Learning in the presence of finitely or infinitely many irrelevant attributes

This paper addresses the problem of learning boolean functions in query and mistake-bound models in the presence of irrelevant attributes. In learning a concept, a learner may observe a great many more attributes than those that the concept depends upon, and in some sense the presence of extra, irrelevant attributes does not change the underlying concept being learned.

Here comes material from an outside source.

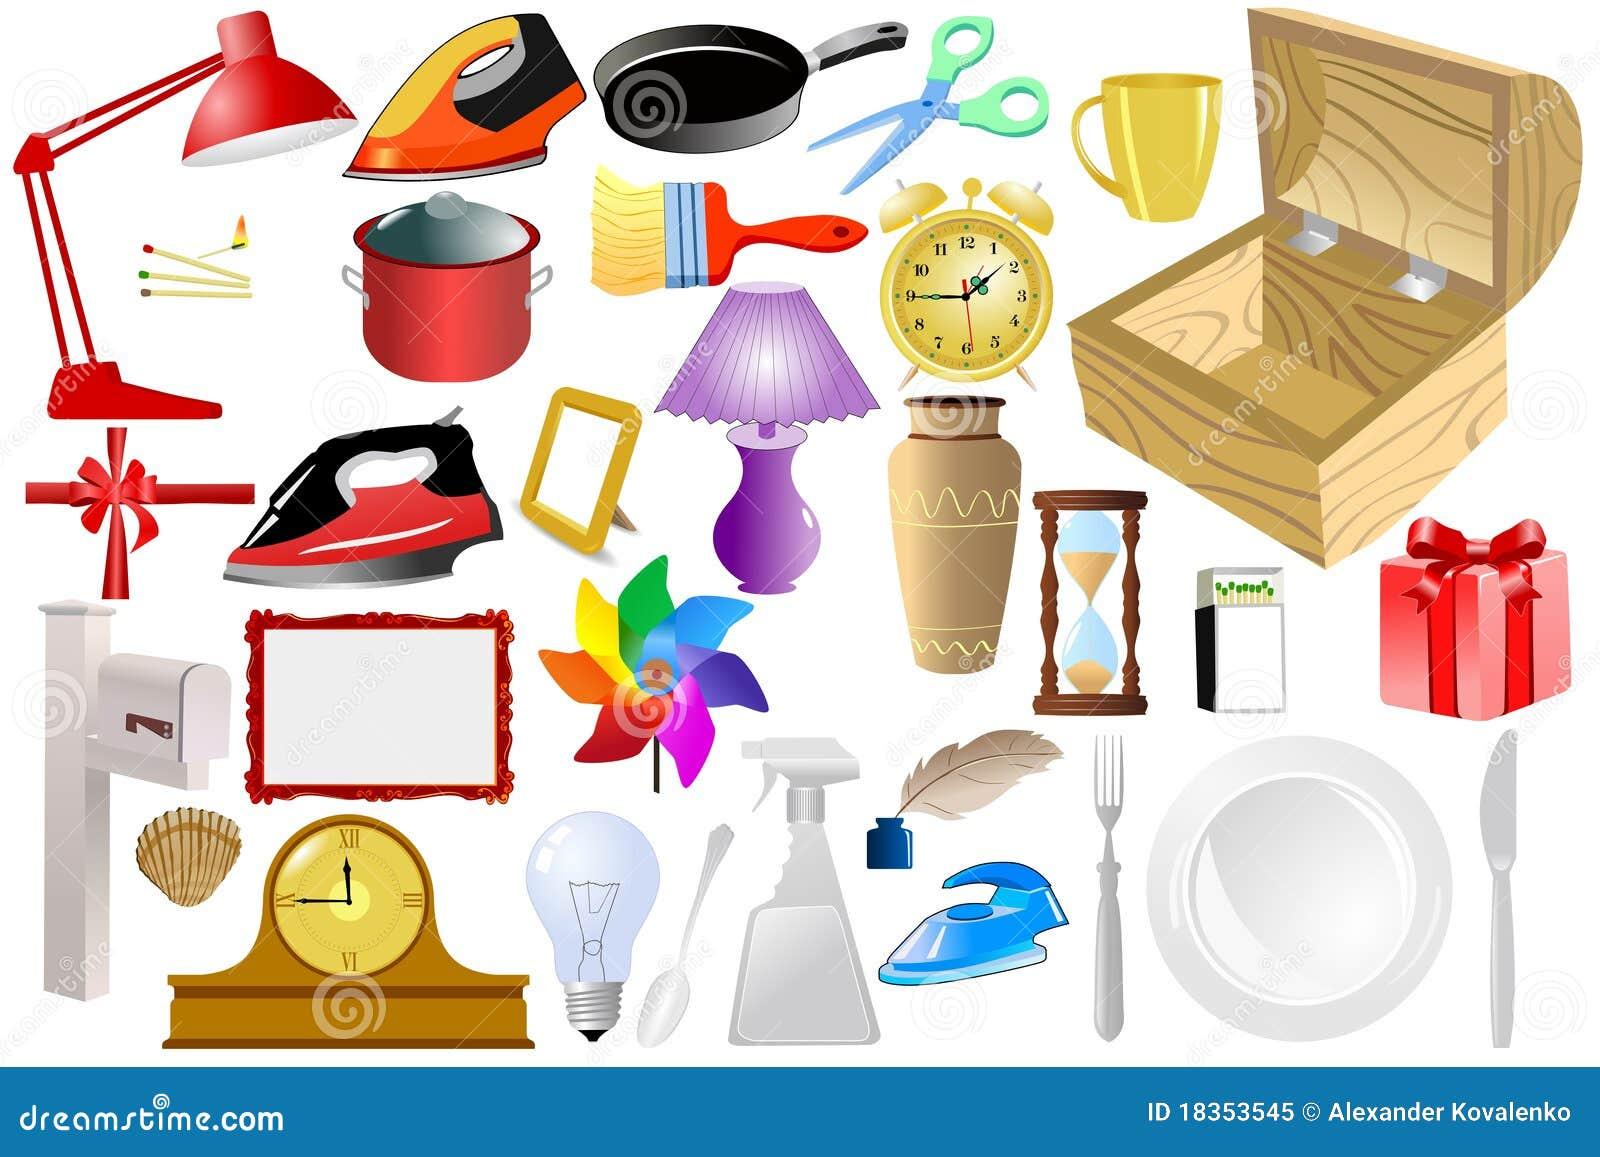 Objetos caseros foto de archivo libre de regal as imagen for Objetos decorativos para el hogar

Because of this, we are interested not only in the learnability of concept classes, but also in whether the classes can be learned by an algorithm that is attribute-efficient in that the dependence of the mistake bound (or number of queries) on the number of irrelevant attributes is low. The results presented here apply to projection and embedding-closed (p.e.c.) concept classes. We show that if a p.e.c. class is learnable attribute-efficiently in the mistake-bound model, then it is learnable in the infinite-attribute mistake-bound model as well. We show in addition how to convert any algorithm that learns a p.e.c. dass in the mistake-bound model with membership queries into an algorithm that learns the class attribute-efficiently in that model, or even in the infinite attribute version. In the membership query only model we show that learnability does not always imply attribute-efficient learnability for deterministic algorithms. However, we describe a large class of functions, including the set of monotone functions, for which learnability does imply attribute-efficient learnability in this model.